Your answer must be an exact copy of the listing, with the images left out.

### INFORMATION SUPPLIED
▽

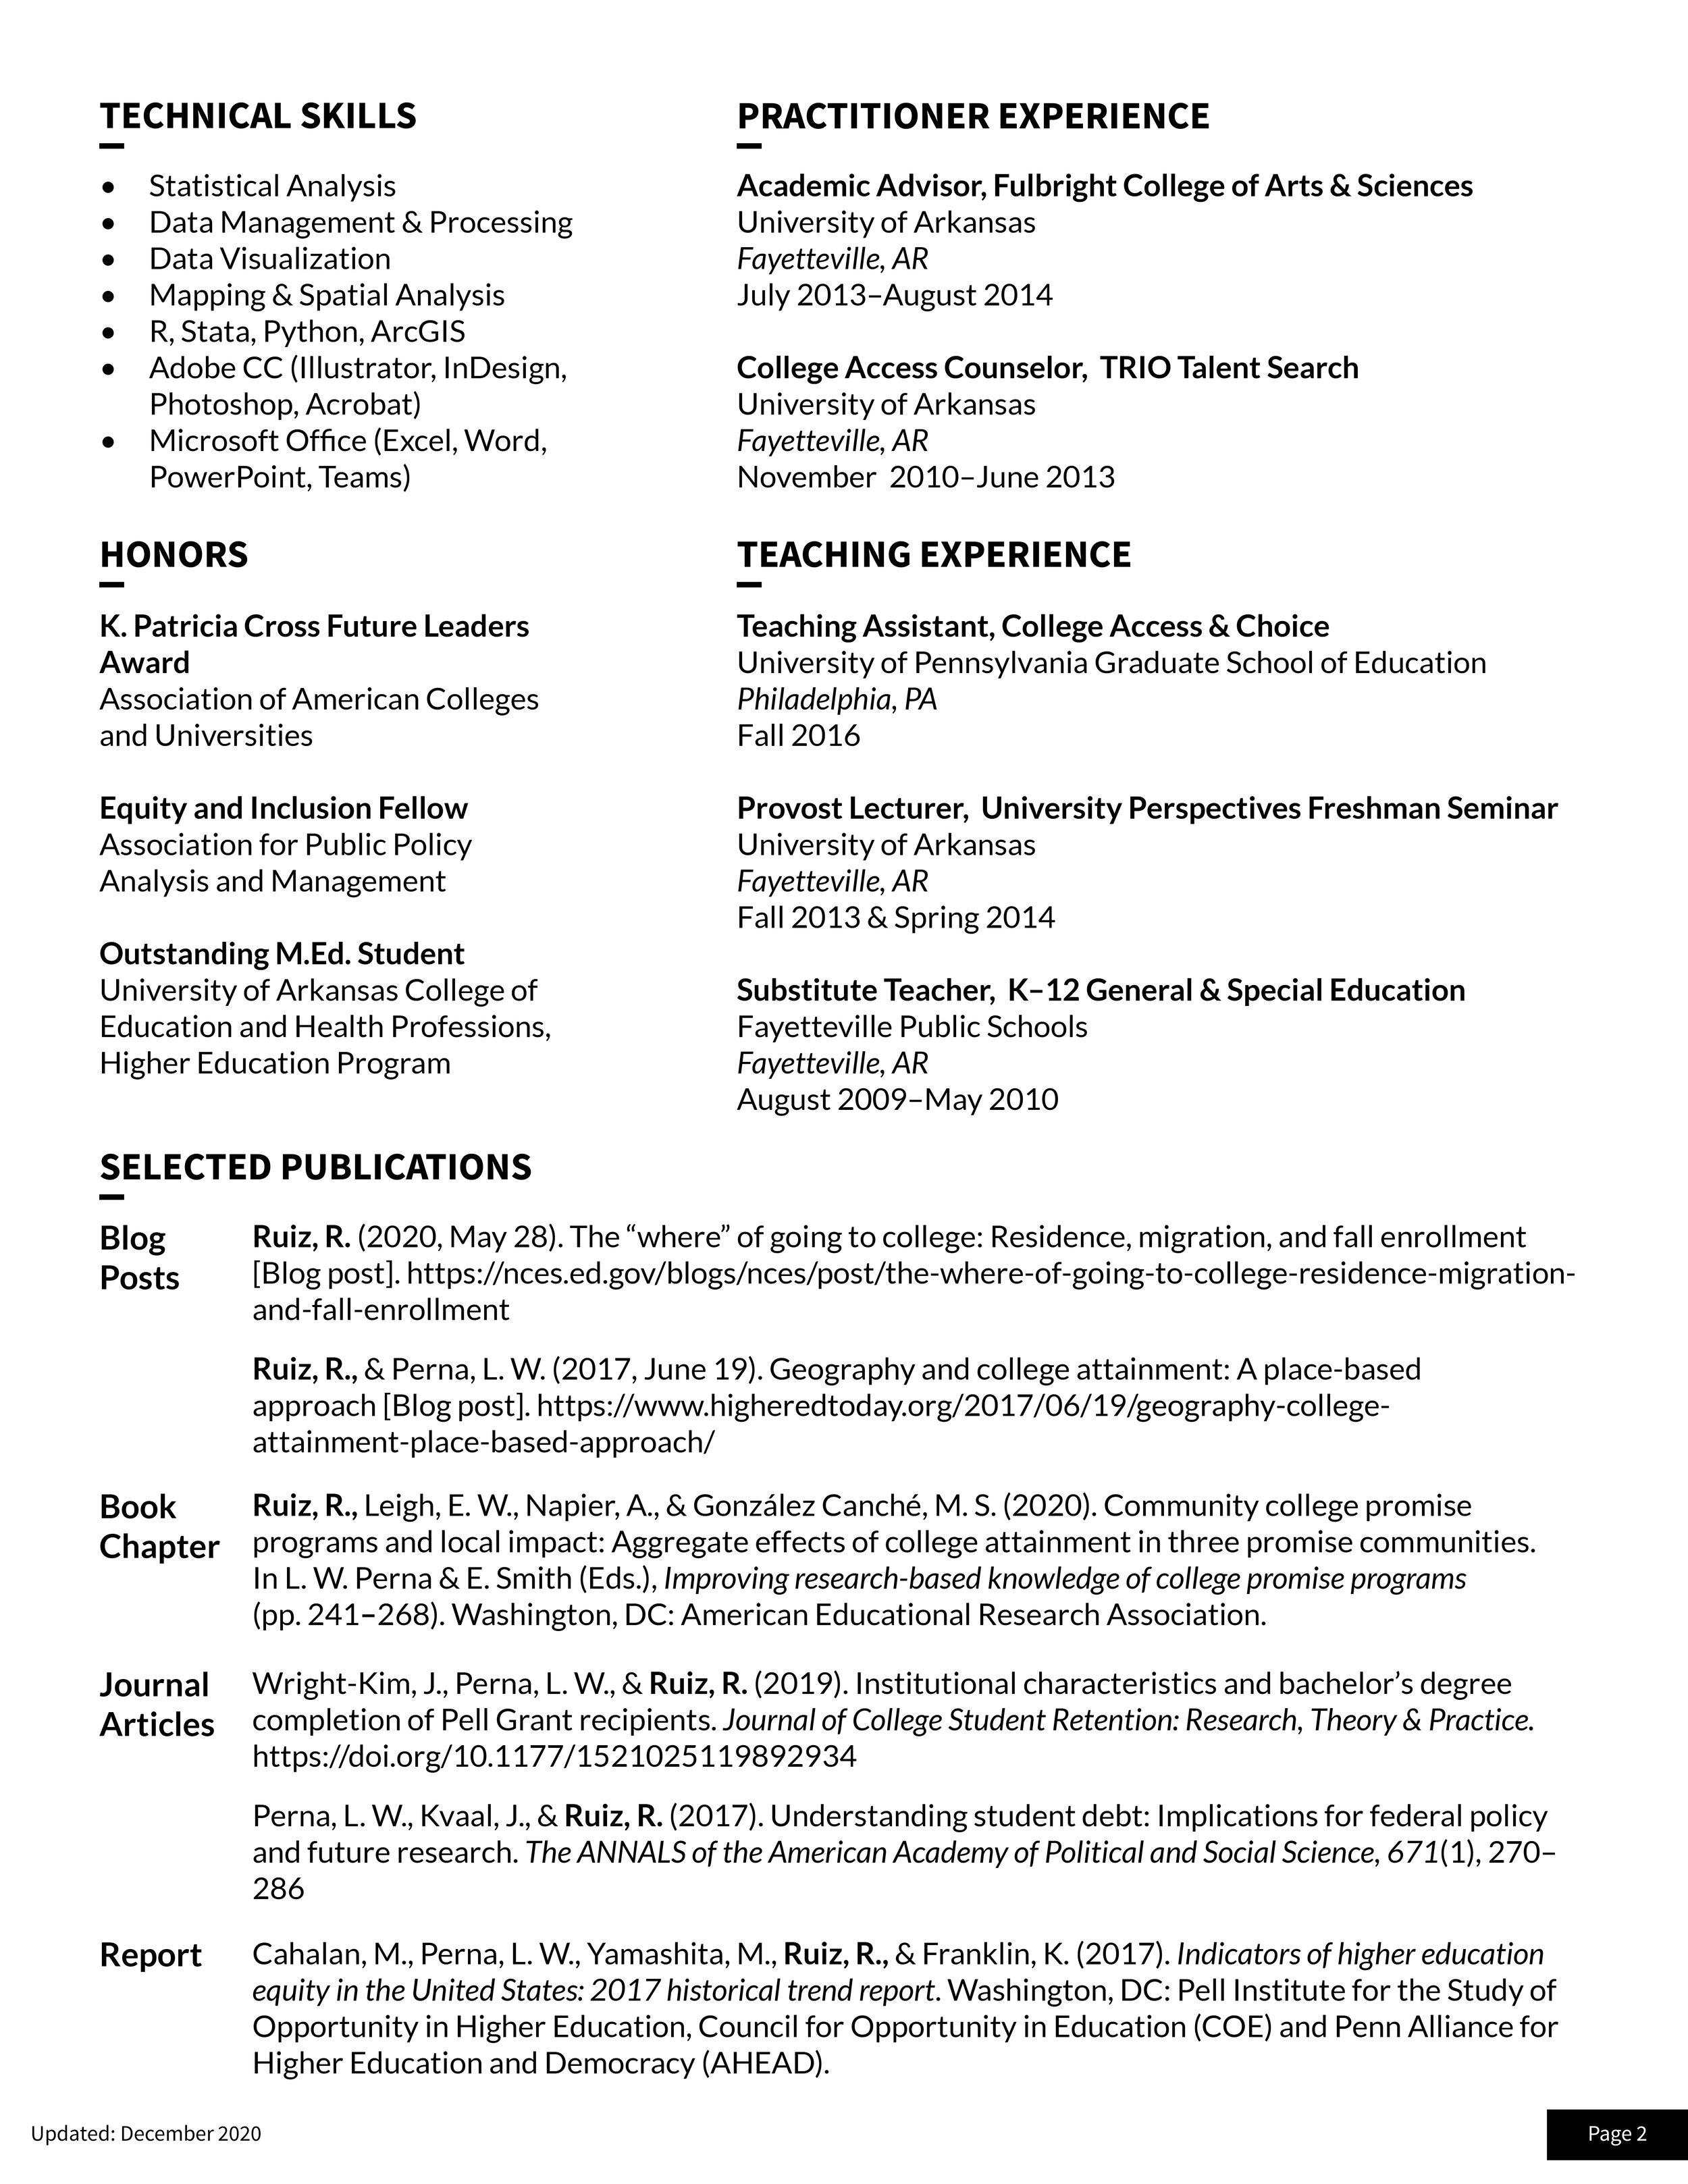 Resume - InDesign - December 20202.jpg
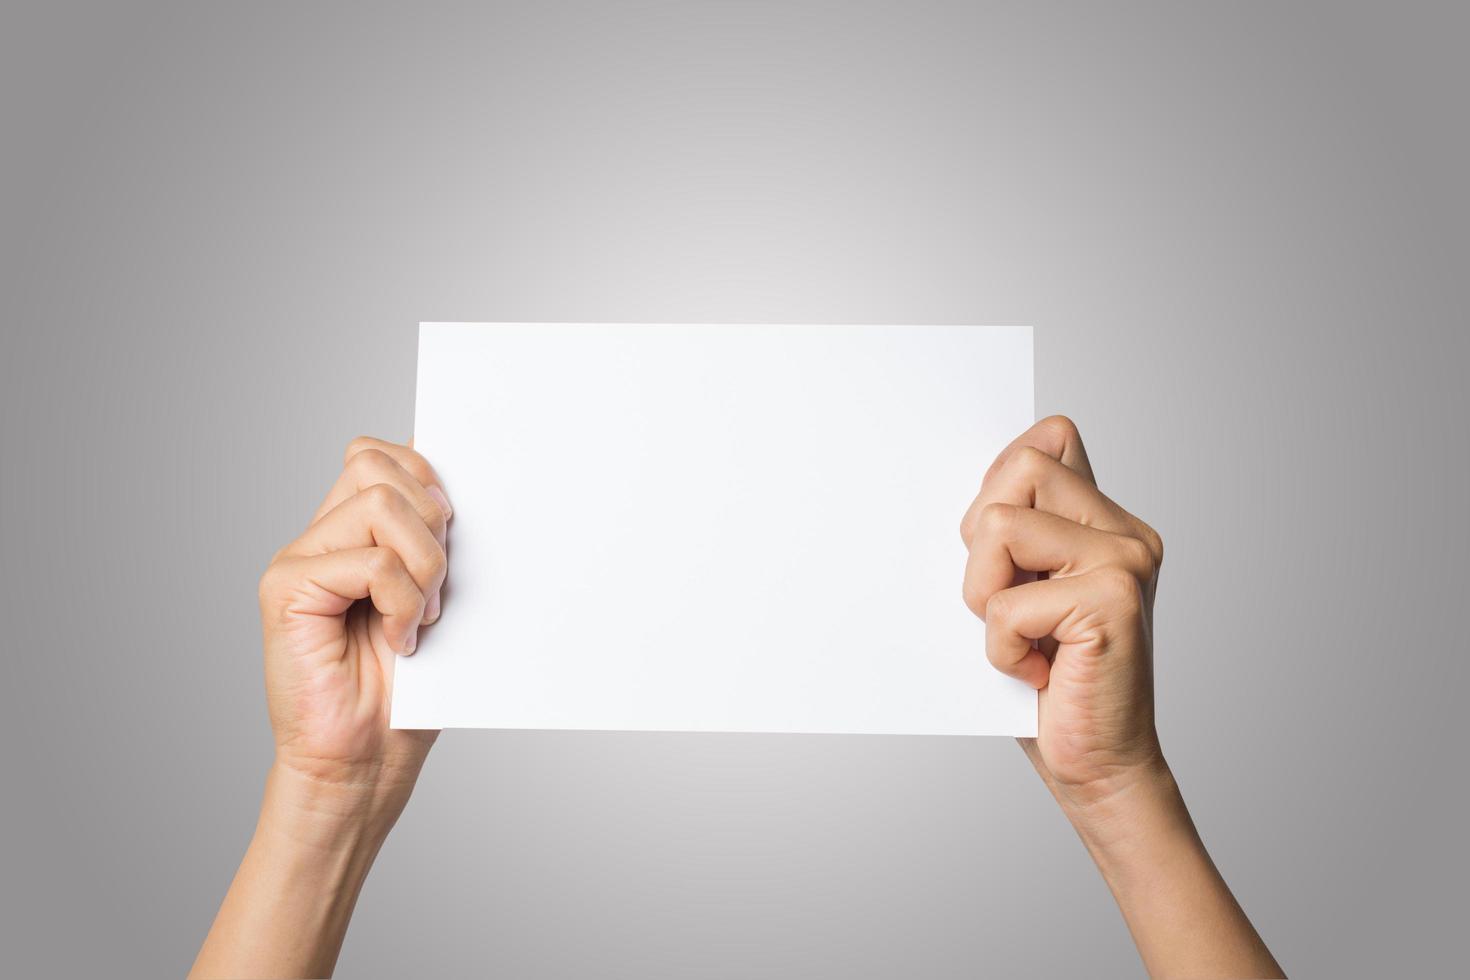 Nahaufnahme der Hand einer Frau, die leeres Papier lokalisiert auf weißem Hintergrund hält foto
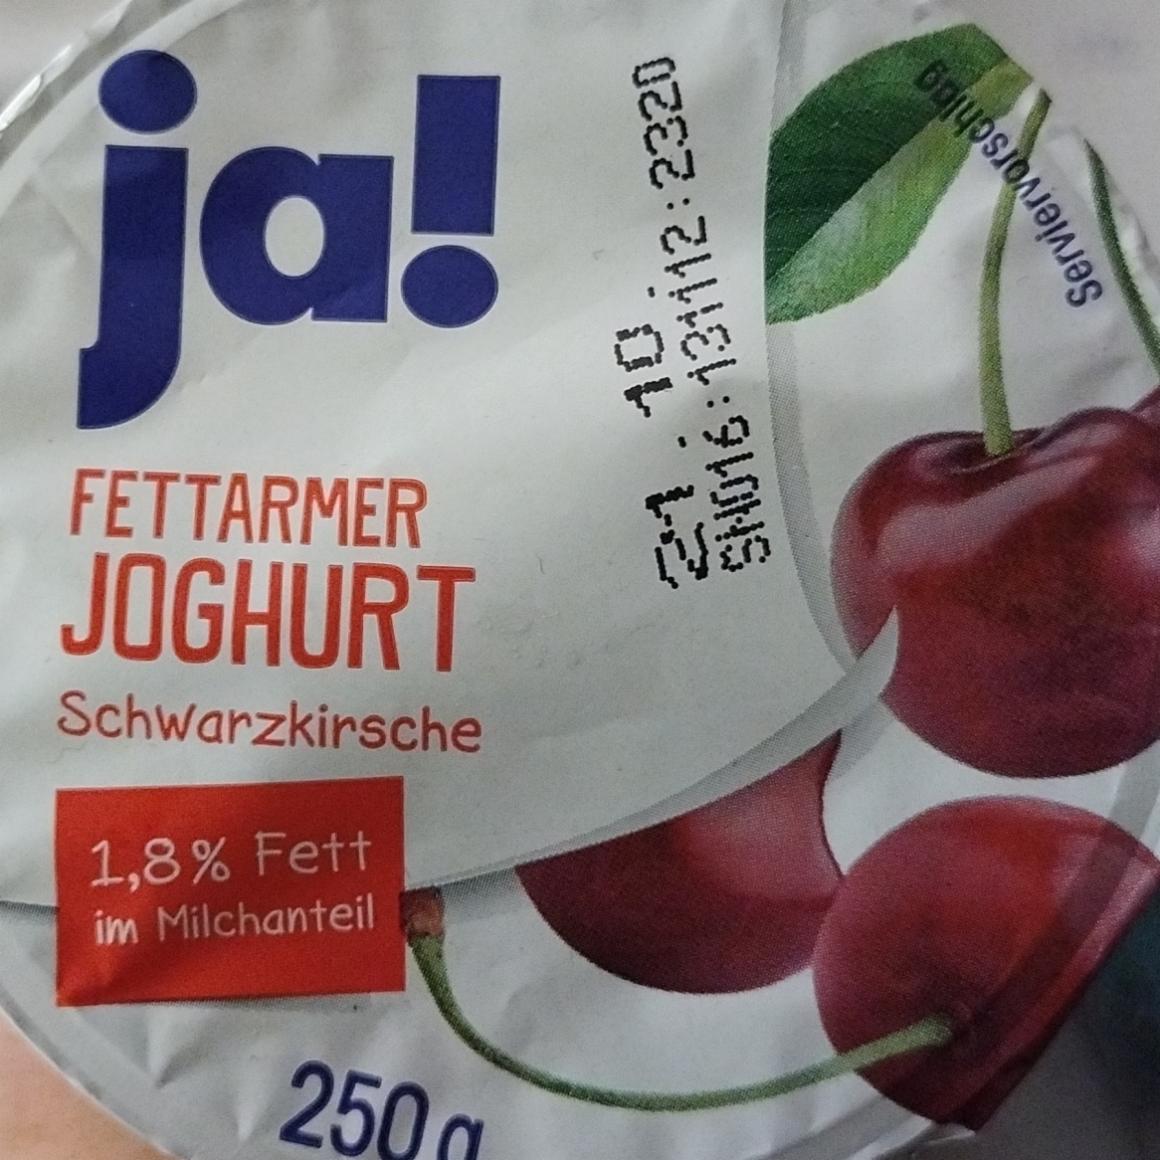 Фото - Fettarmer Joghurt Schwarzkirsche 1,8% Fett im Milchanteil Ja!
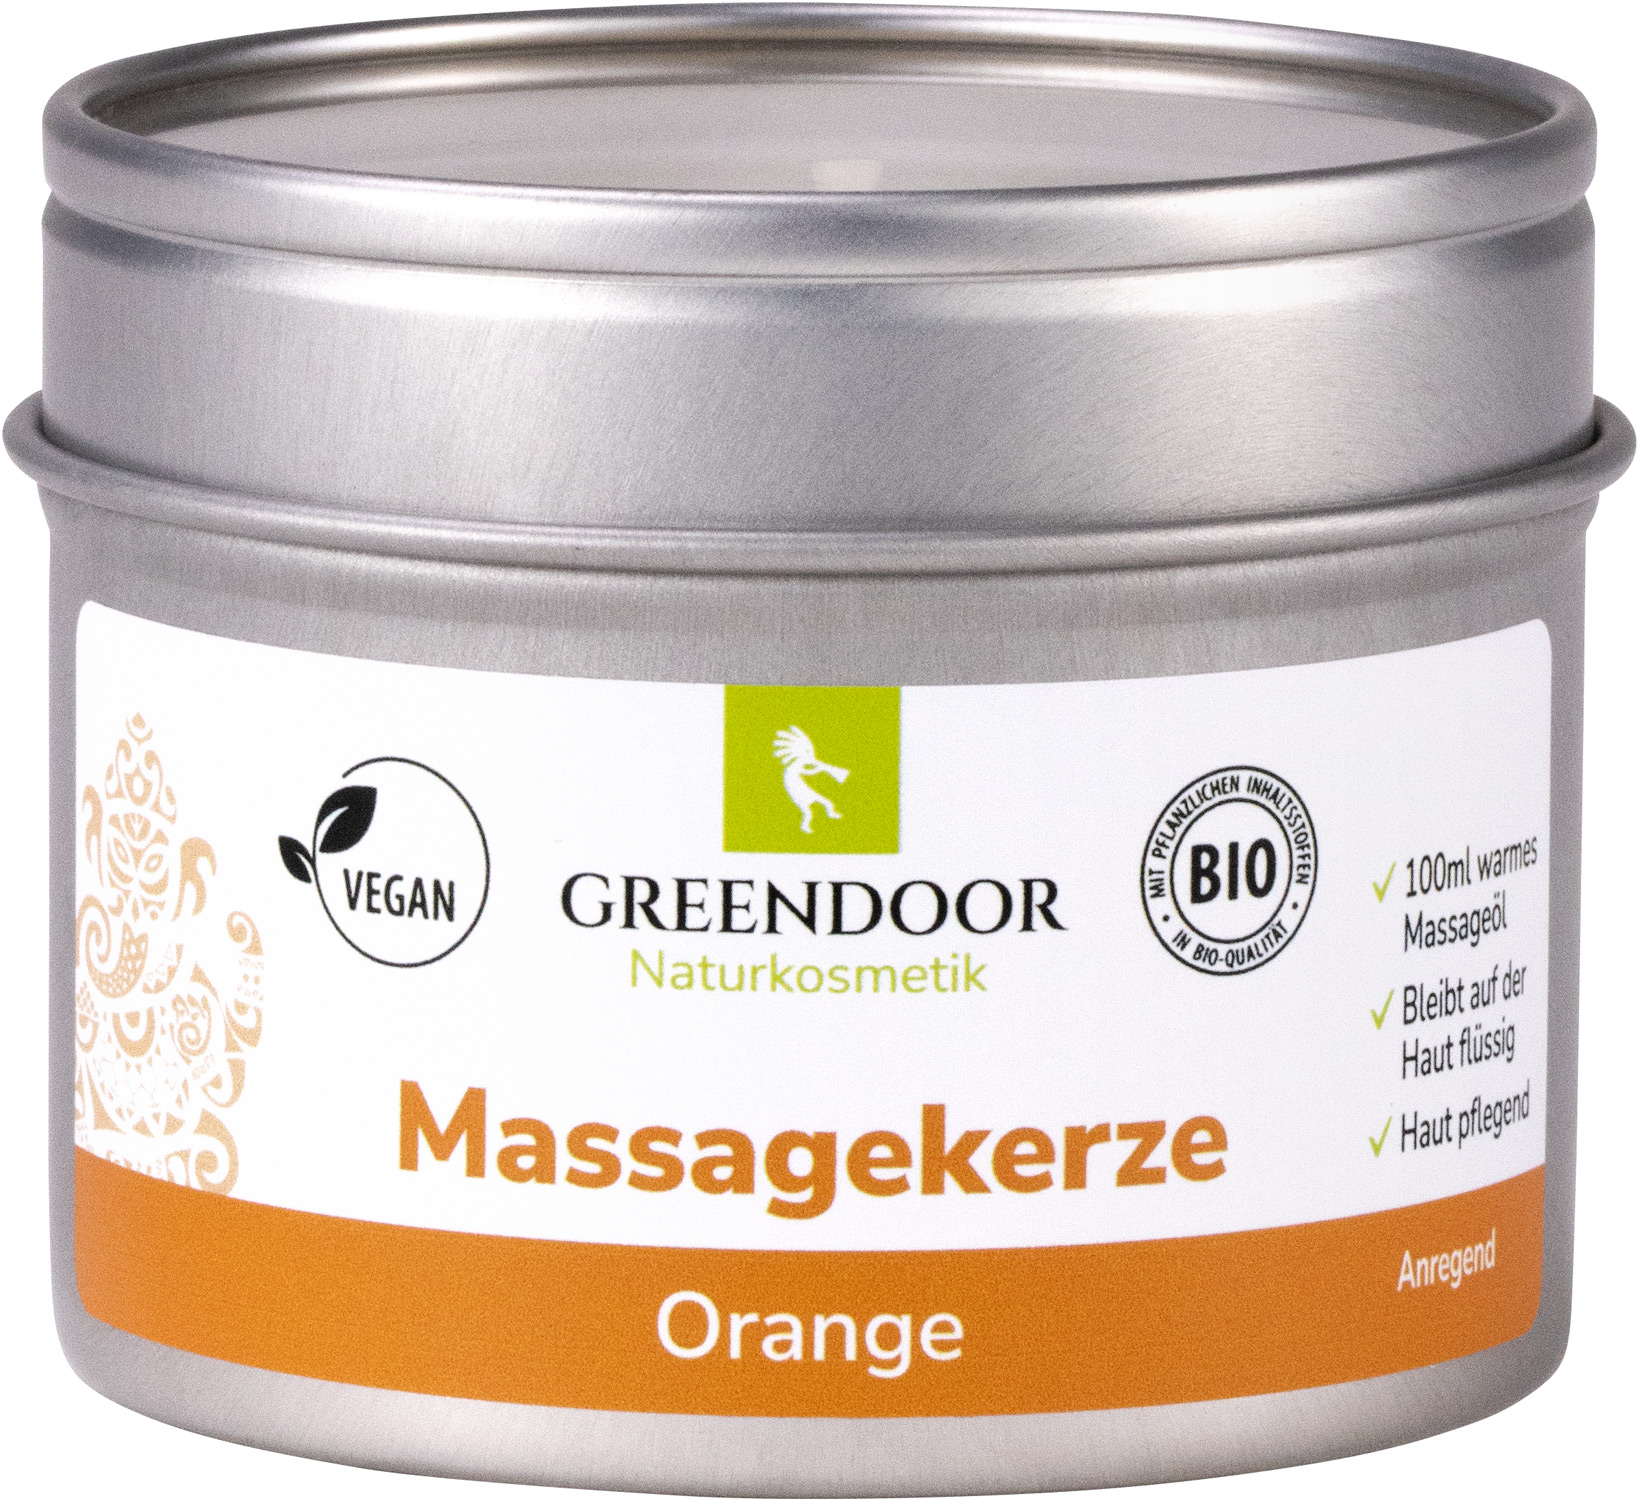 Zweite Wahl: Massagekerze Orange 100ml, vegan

△

### SOLUTION TO THIS PROBLEM
 Resume - InDesign - December 20202.jpg
 Nahaufnahme der Hand einer Frau, die leeres Papier lokalisiert auf weißem Hintergrund hält foto
 Фото - Fettarmer Joghurt Schwarzkirsche 1,8% Fett im Milchanteil Ja!
 Zweite Wahl: Massagekerze Orange 100ml, vegan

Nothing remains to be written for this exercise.